Pebble Founder Eric Migicovsky on Kickstarter, Smartwatches, and Building Without VC

Pebble founder Eric Migicovsky returns to Founders in Arms to share the story behind one of the most iconic hardware startups—and why he’s rebuilding it with a completely different approach.

In this episode, Eric breaks down the original Pebble journey—from raising $10M on Kickstarter to scaling into retail—and the hard lessons learned from inventory risk, venture pressure, and product decisions.

Now, nearly a decade later, he’s back with a new company, Core Devices, taking a radically different path: small team, no VC, limited production, and building products purely for himself.

This conversation dives deep into:

  • The original Pebble Kickstarter story

  • Why authentic marketing beats polished launches

  • Hardware vs. software complexity

  • The dangers of inventory in consumer hardware

  • Venture vs. bootstrapped startup paths

  • Inventor vs. founder mindset

  • Apple’s ecosystem and platform lock-in

  • A new “artisanal hardware” model

  • AI and the future of wearables

In this episode, we cover:

(00:00) The Kickstarter moment that changed everything

Pebble raised $600K on day one—far exceeding their $100K goal.

What followed was a rapid realization: this wasn’t just a project, it was a company.
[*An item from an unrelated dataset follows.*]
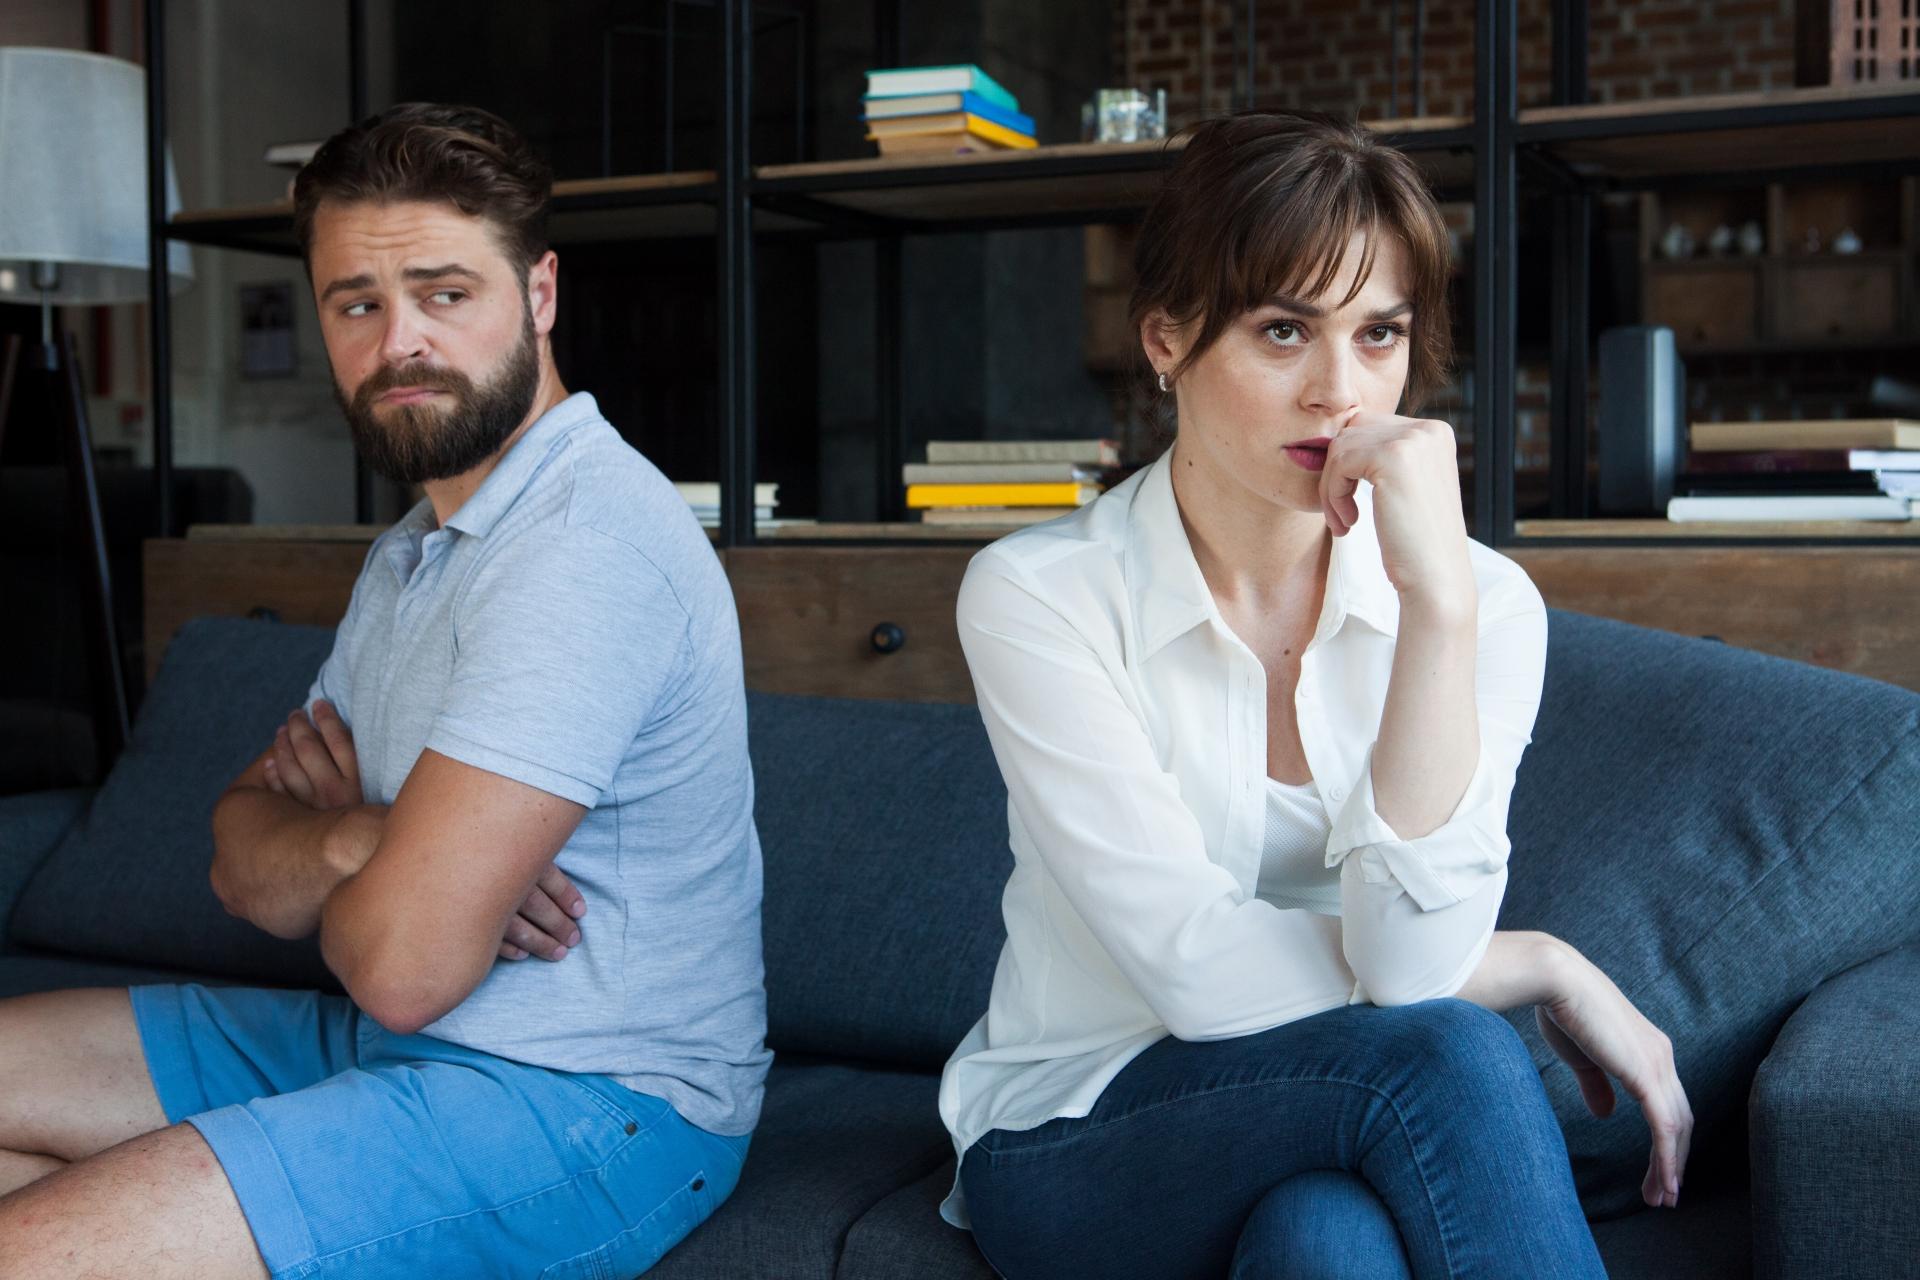 結婚生活に疲れた夫婦が今やるべき6つの事。仲良し夫婦に戻る方法とは?

(01:20) Why Pebble is back (sort of)

Eric didn’t get the Pebble brand back—but he did recover the IP.

Now, he’s relaunching under a new company: Core Devices.

(04:40) Why no smartwatch replaced Pebble

After trying Apple Watch, Pixel Watch, and others, Eric found none met his core needs:

  • Always-on display

  • Long battery life

  • Simple notifications

  • Physical controls

Modern smartwatches added features—but lost usability.
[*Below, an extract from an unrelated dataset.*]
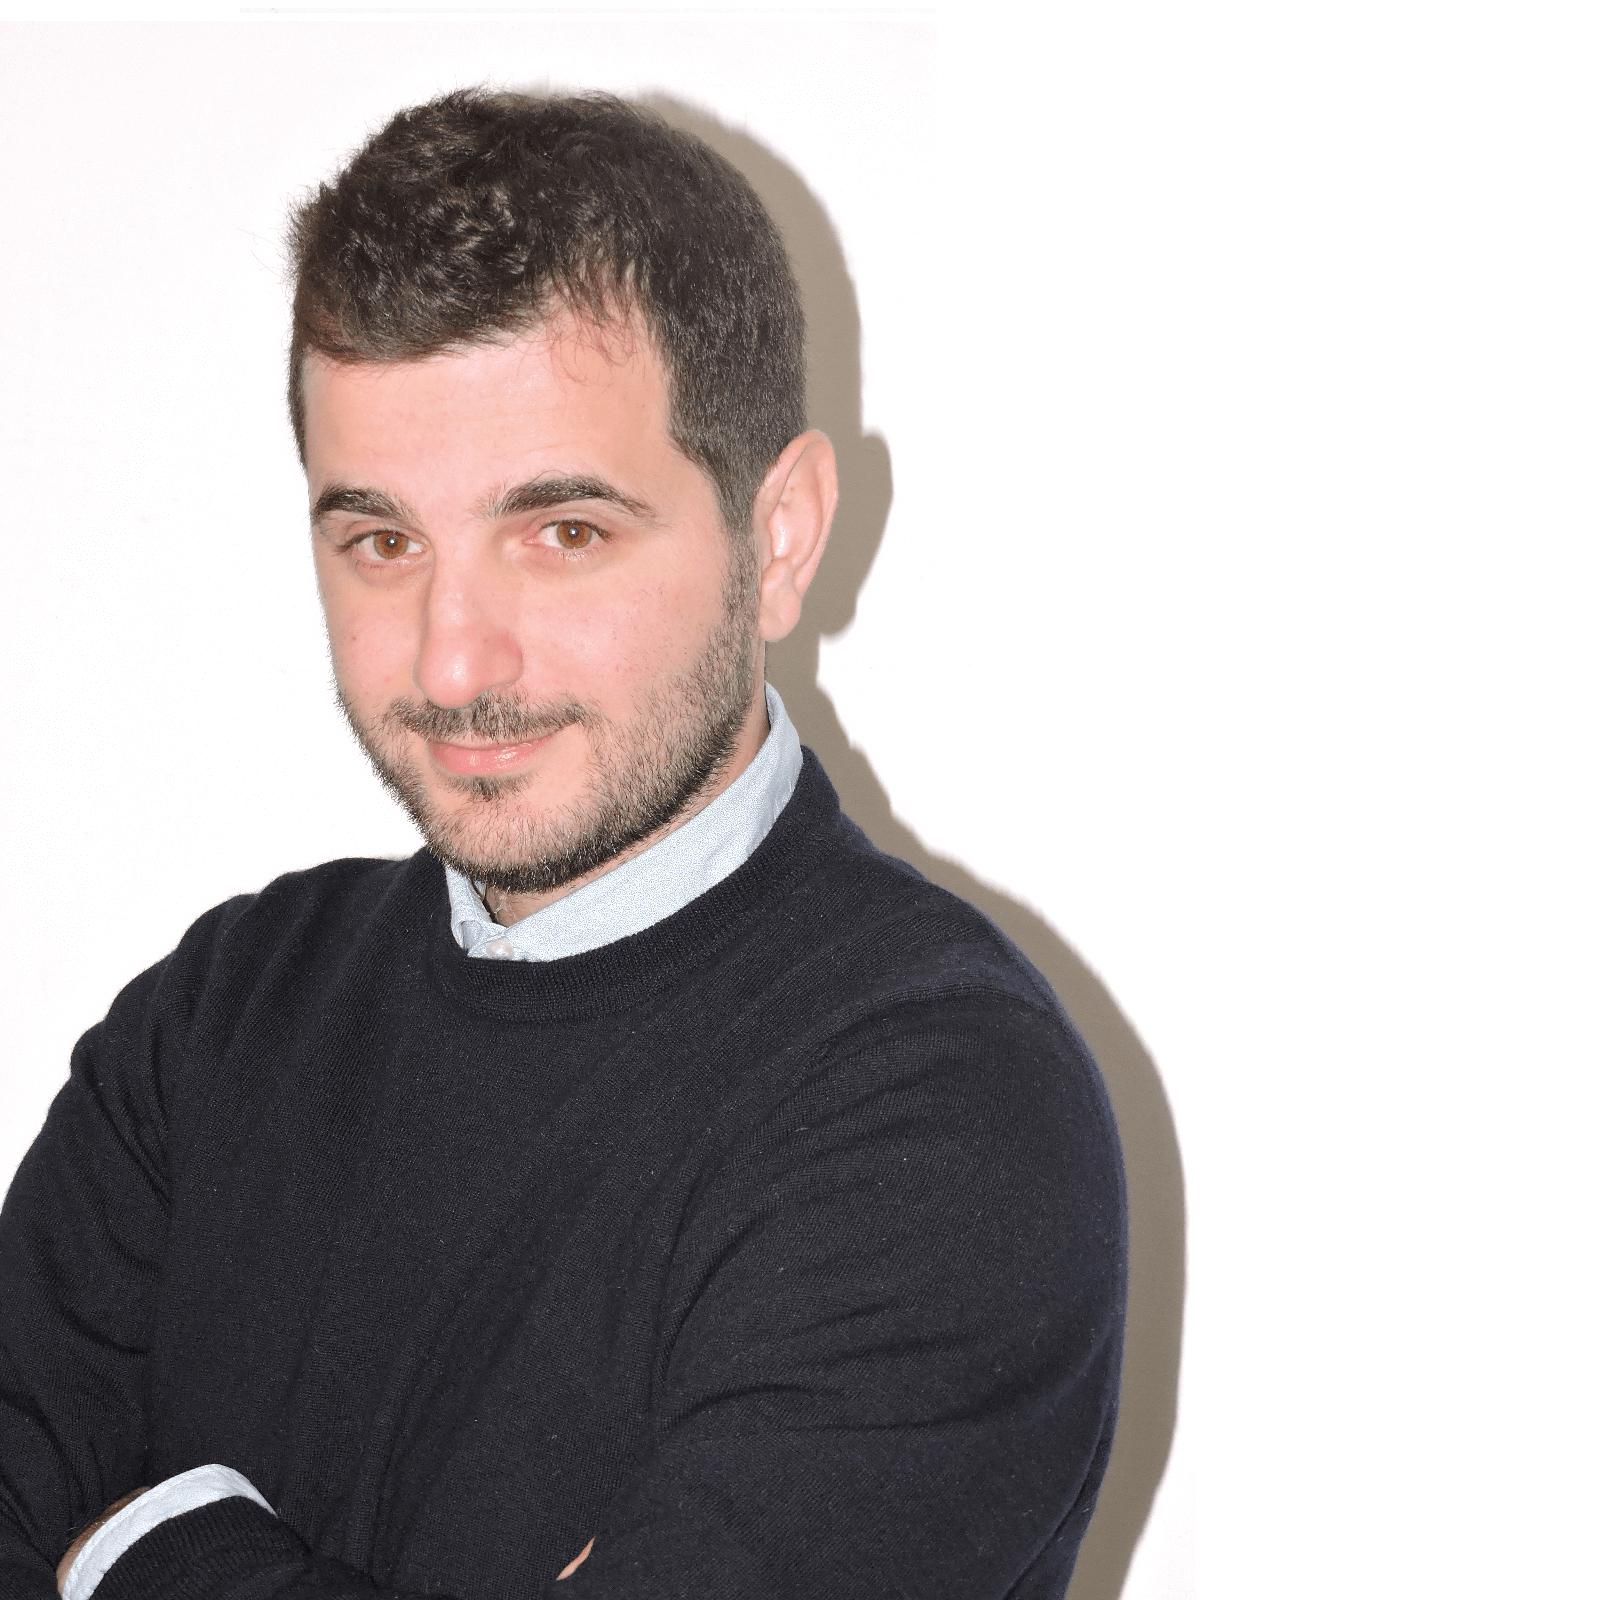 Daniele_Vinci_Consulenza Come vendere prodotti enogastronomici con il web

(06:30) The philosophy behind Pebble

Pebble wasn’t trying to replace your phone.

It was designed to do a few things extremely well:

  • Tell time

  • Show notifications

  • Control music

That simplicity became its advantage.

(08:30) Why Eric isn’t building for the market

This time, Eric is building for himself—not chasing a market.

That means:

  • No attempt to maximize TAM

  • No feature creep

  • No compromise for growth

Just a product he personally wants to use.

(09:00) Why venture-backed paths can be limiting

Eric describes VC as a “train track”—once you’re on it, direction is constrained.

With Core Devices, he’s intentionally avoiding that path.

(09:30) The original Kickstarter strategy

There was no marketing hack.

What worked:

  • Clear product messaging

  • Authentic video (shot with friends)

  • Simple explanation of value

It resonated because it was real—not overproduced.

(12:00) Turning a product into a story

Instead of focusing on manufacturing immediately, Eric focused on PR.

This created a flywheel:

  • Press → more backers

  • More backers → more press

That momentum made Pebble a phenomenon.

(14:30) The “5-year overnight success”

Pebble wasn’t sudden.

Eric had been working on smartwatches since 2008—years before the breakout moment.

(15:30) Inventor vs. founder mindset

Eric identifies more as an inventor than a founder.

Difference:

  • Founders optimize for company success

  • Inventors optimize for the product itself

This distinction shapes everything from product decisions to growth strategy.

(19:00) Why hardware is really a software problem

Building the hardware is relatively straightforward today.

The real challenge is software:

  • Operating systems

  • UX

  • Reliability

Rebuilding Pebble OS from scratch would have taken years.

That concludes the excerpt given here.